§ Your objective: Could you give the data below again exactly, apart from the pictures?

§ Data excerpt:
---------------

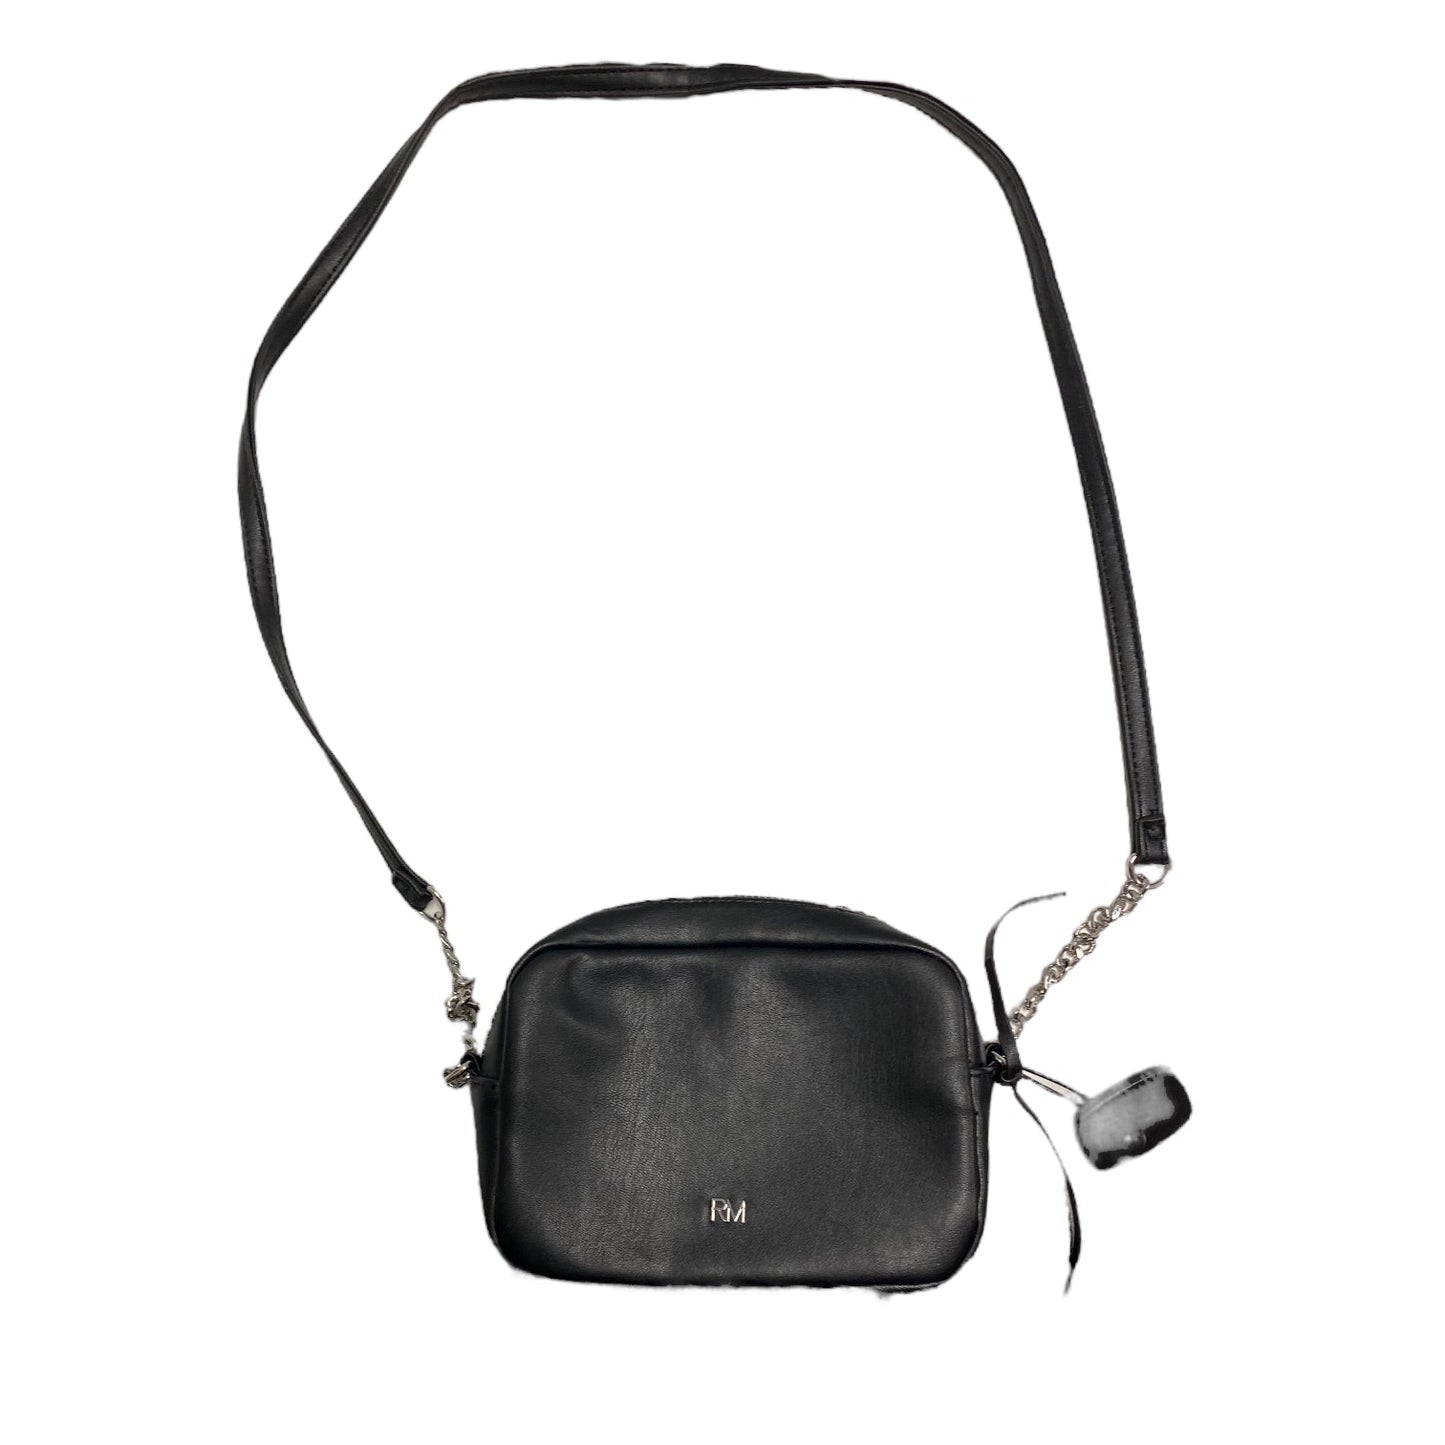 Handbag Designer By Rebecca Minkoff  Size: Small
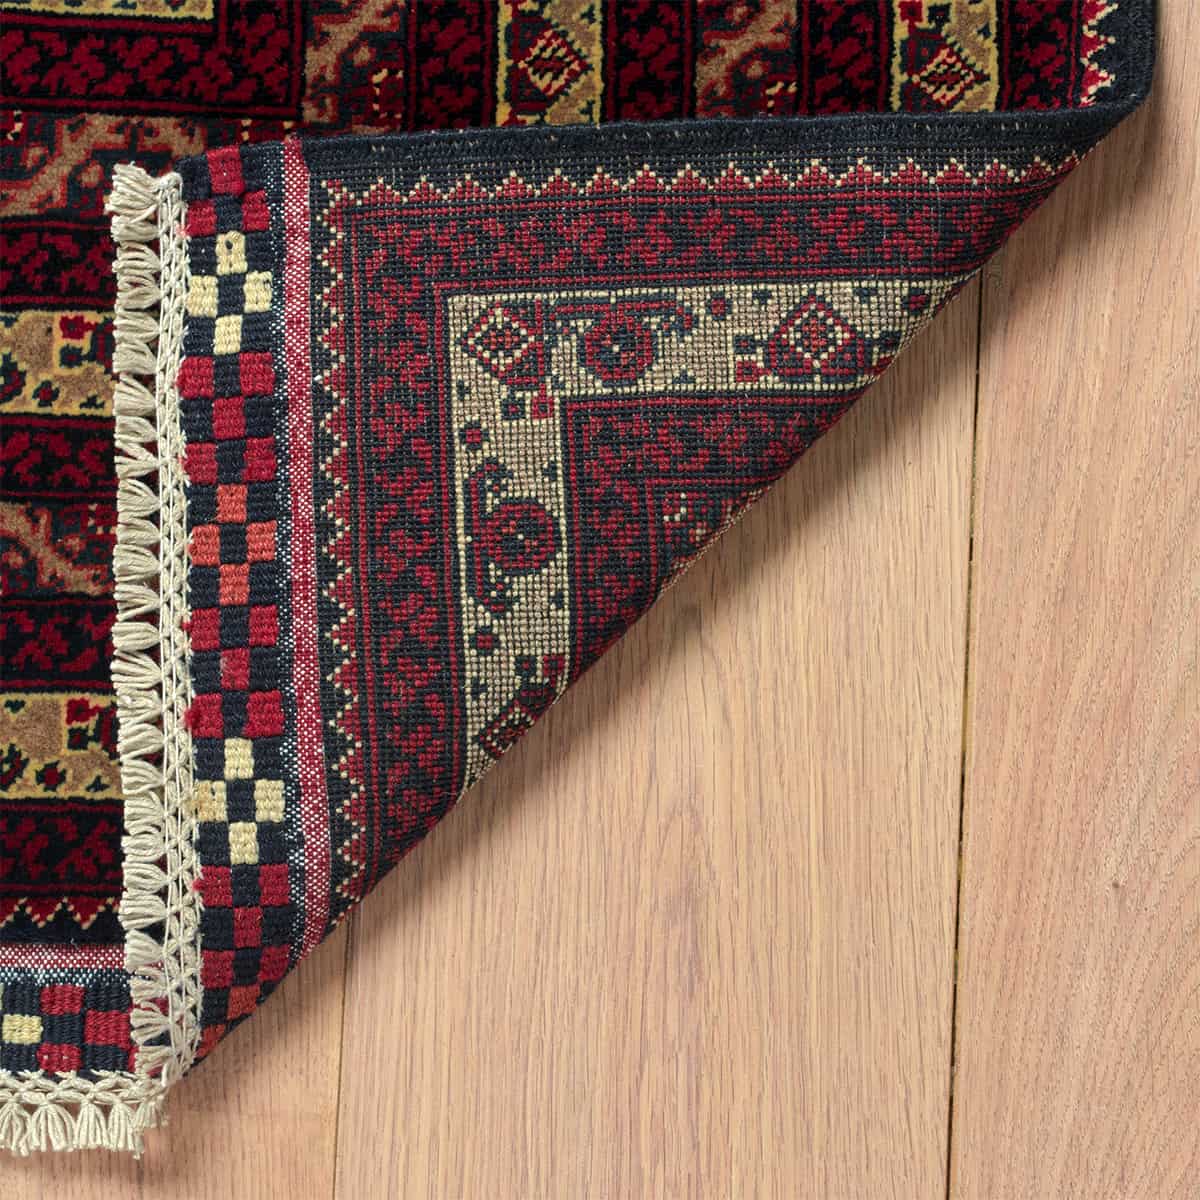  אפגני באשיר 00 אדום 198x282 | השטיח האדום 
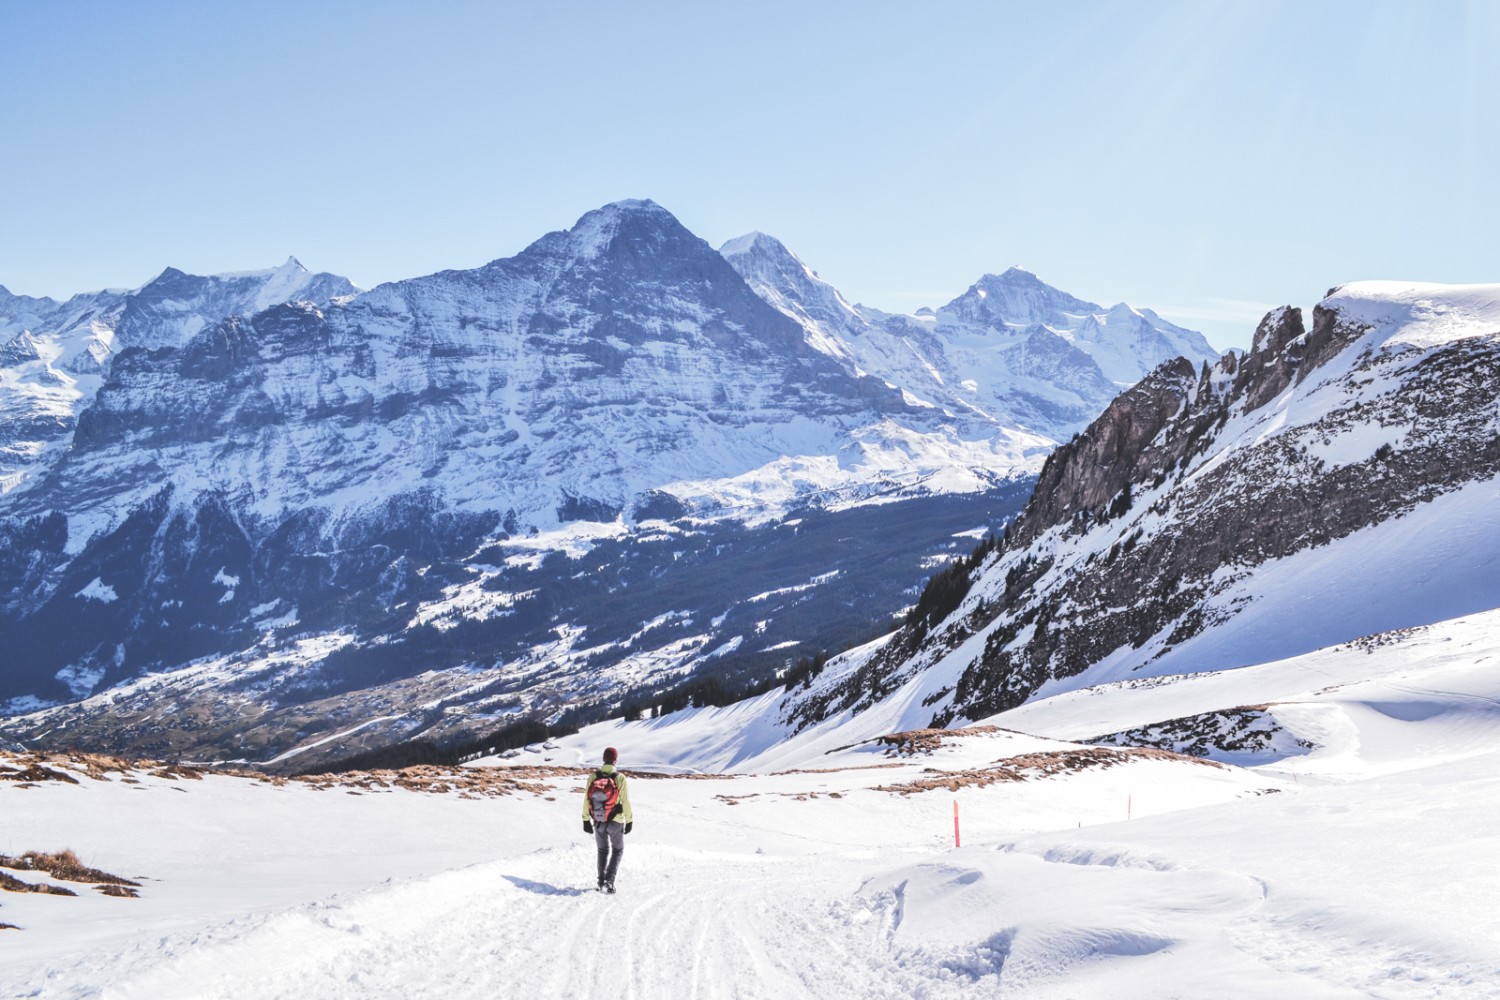 Schöne Aussicht auf das berühmte Dreigestirn der Berner Alpen Eiger, Mönch und Jungfrau. Bild: Sabine Joss

---------------

§ Response area:
 Handbag Designer By Rebecca Minkoff  Size: Small
  אפגני באשיר 00 אדום 198x282 | השטיח האדום 
 Schöne Aussicht auf das berühmte Dreigestirn der Berner Alpen Eiger, Mönch und Jungfrau. Bild: Sabine Joss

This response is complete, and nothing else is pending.